Best for: couples prioritising exclusivity, classic château atmosphere, and a full-event flow in one location.
Château d’Estoublon
Landscape-driven Provence luxury with vineyards and olive groves
La Bastide de Gordes offers a completely different kind of Provence wedding experience. Instead of a countryside estate, you are working with a hilltop property in one of the region’s most iconic villages — and that shifts the mood from château grounds to panoramic atmosphere.
This venue is especially compelling for couples who want the wedding to feel connected to a destination, not just placed inside it. Gordes itself becomes part of the guest experience, and that can make the weekend feel richer and more memorable without adding unnecessary production.
From a photography perspective, the strength of this venue is perspective: terraces, views, layered stone, changing light, and a constant sense of depth in the frame. It is less about scale and symmetry, more about location and visual drama.
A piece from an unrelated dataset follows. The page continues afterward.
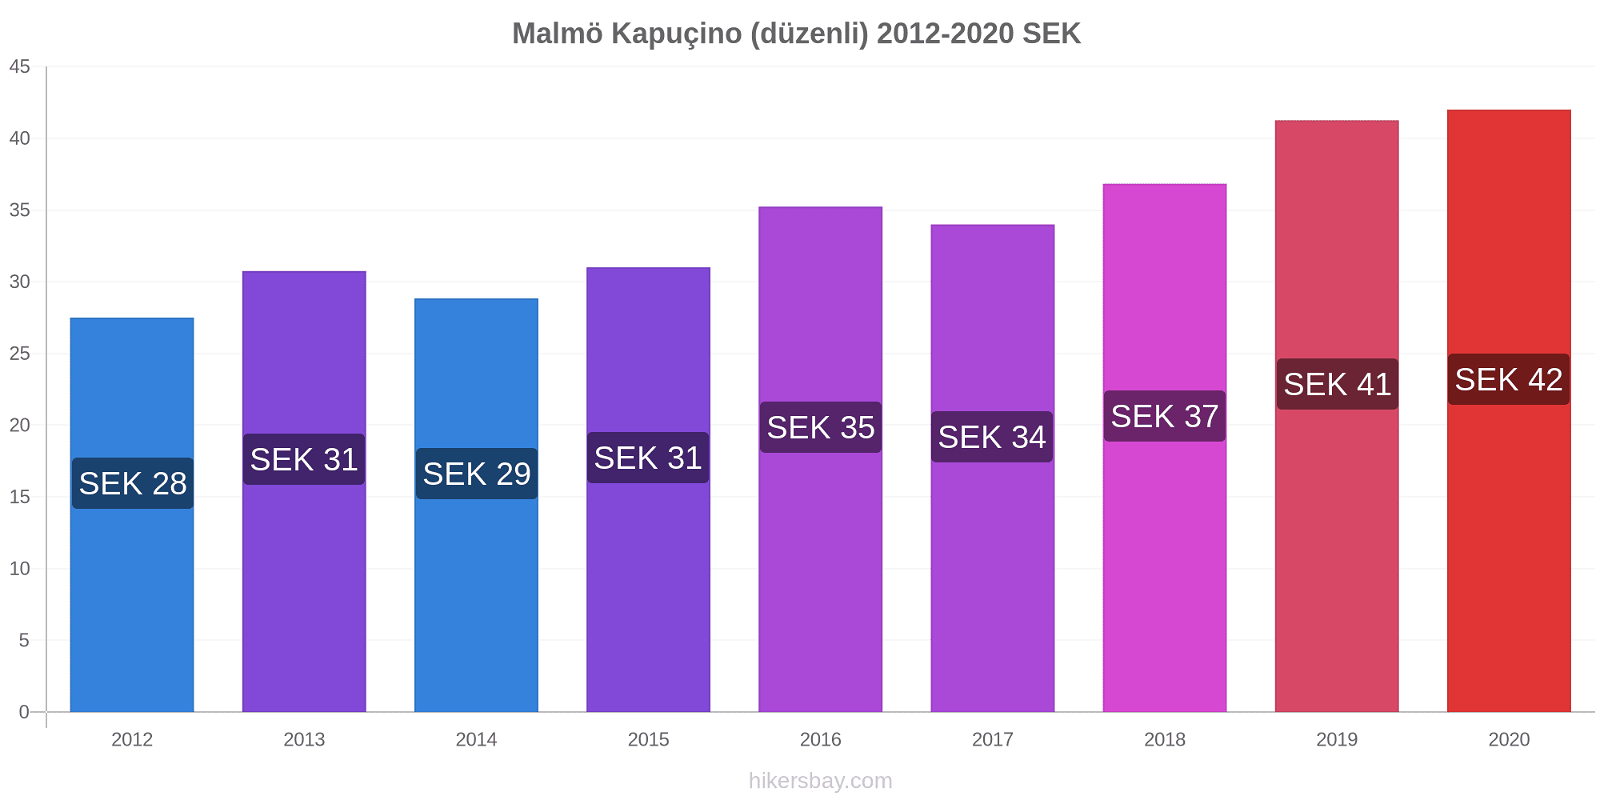 Malmö fiyat değişiklikleri Kapuçino (düzenli) hikersbay.com

Best for: couples drawn to views, village atmosphere, and a highly recognisable Provence setting.
Château de Sannes
A Provence estate with real landscape range — vineyards, lavender, gardens, and event flexibility
Château de Sannes is a strong option for couples who want a venue that feels distinctly Provençal without losing structure or elegance. Located in the Luberon (with the estate presenting itself as a vineyard property in the heart of Provence, near Aix-en-Provence), it combines château character with a broader domain atmosphere — vineyards, gardens, and open landscape are part of the identity, not just the backdrop.
Photo: loveismoreweddings.com
What makes Sannes particularly interesting for a wedding is its spatial variety. Venue descriptions highlight multiple event areas across the estate — including poolside cocktails, ceremony options, and a dinner setting in the orangerie with views over the gardens, lake, and vineyards. That kind of layout is especially valuable for multi-part celebrations because it helps the day evolve visually instead of staying in one look from start to finish.
From a photography perspective, Château de Sannes works well for couples who want a gallery with both architectural polish and landscape depth. It gives you more than façade-driven château imagery: the surrounding estate adds texture, scale, and a stronger sense of place.

Best for: couples who want a Luberon wedding venue with vineyard energy, flexible event zones, and a more landscape-driven Provence atmosphere.
Château des Alpilles
If you want an old-money Provence mood with discreet luxury
Château des Alpilles is a very strong choice for couples who want that quieter, old-money Provence feeling — less “event venue energy,” more elegant house-in-the-country atmosphere with real character. The official site presents it as a 5-star boutique hotel on the edge of Saint-Rémy-de-Provence, set within a seven-hectare park and centered around a beautifully restored Maison de Maître.
What makes it special in a wedding shortlist like this is the tone. It feels refined and private, but not flashy. The long plane-tree approach, the historic house, and the “discreet luxury” identity give it a very specific visual language — especially if you’re drawn to understated elegance rather than theatrical grandeur. The venue also publishes a dedicated wedding brochure, which is always useful for couples who want clarity early in the planning process.
From a photography perspective, this is a beautiful option for couples who want a softer, more intimate kind of luxury — strong façade moments, textured interiors, and a Saint-Rémy atmosphere that feels grounded and chic.

A practical note: this venue works especially well when your styling matches its tone (elegant, restrained, intentional). It’s the kind of place where thoughtful design choices usually look stronger than overproduction.